Our model can disentangle locations and time slots with different patterns and be robustly adaptive to different anomalous situations.
- Score: 7.406501288721471
- License: http://arxiv.org/licenses/nonexclusive-distrib/1.0/
- Abstract: Spatio-temporal modeling as a canonical task of multivariate time series
forecasting has been a significant research topic in AI community. To address
the underlying heterogeneity and non-stationarity implied in the graph streams,
in this study, we propose Spatio-Temporal Meta-Graph Learning as a novel Graph
Structure Learning mechanism on spatio-temporal data. Specifically, we
implement this idea into Meta-Graph Convolutional Recurrent Network (MegaCRN)
by plugging the Meta-Graph Learner powered by a Meta-Node Bank into GCRN
encoder-decoder.
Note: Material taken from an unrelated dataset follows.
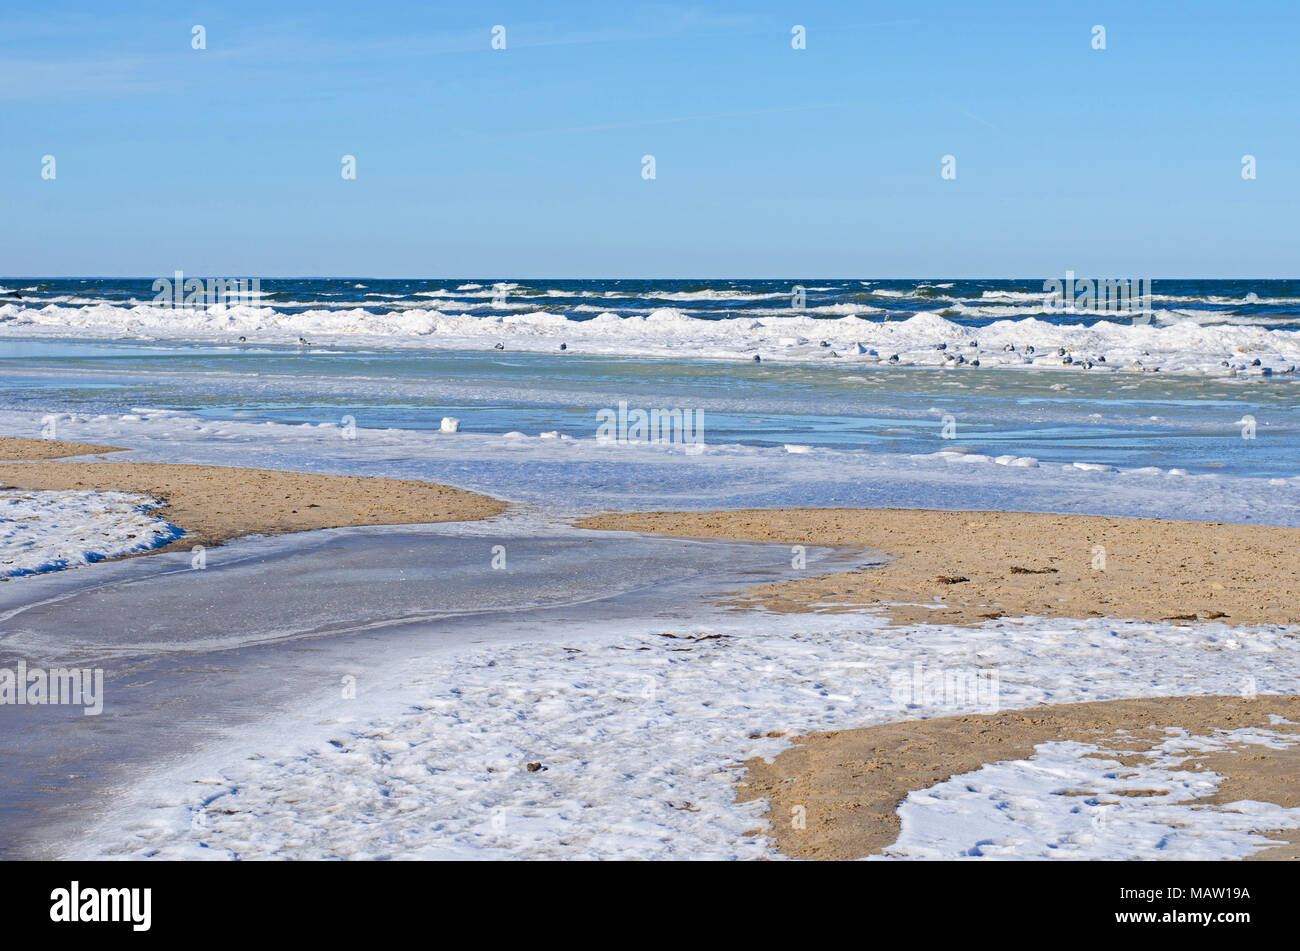 Viele Farben, Formen und Strukturen von Schnee, Eis und Wasser an der sandigen Küste der Ostsee im Winter Stockfoto

We conduct a comprehensive evaluation on two benchmark
datasets (METR-LA and PEMS-BAY) and a large-scale spatio-temporal dataset that
contains a variaty of non-stationary phenomena. Our model outperformed the
state-of-the-arts to a large degree on all three datasets (over 27% MAE and 34%
RMSE). Besides, through a series of qualitative evaluations, we demonstrate
that our model can explicitly disentangle locations and time slots with
different patterns and be robustly adaptive to different anomalous situations.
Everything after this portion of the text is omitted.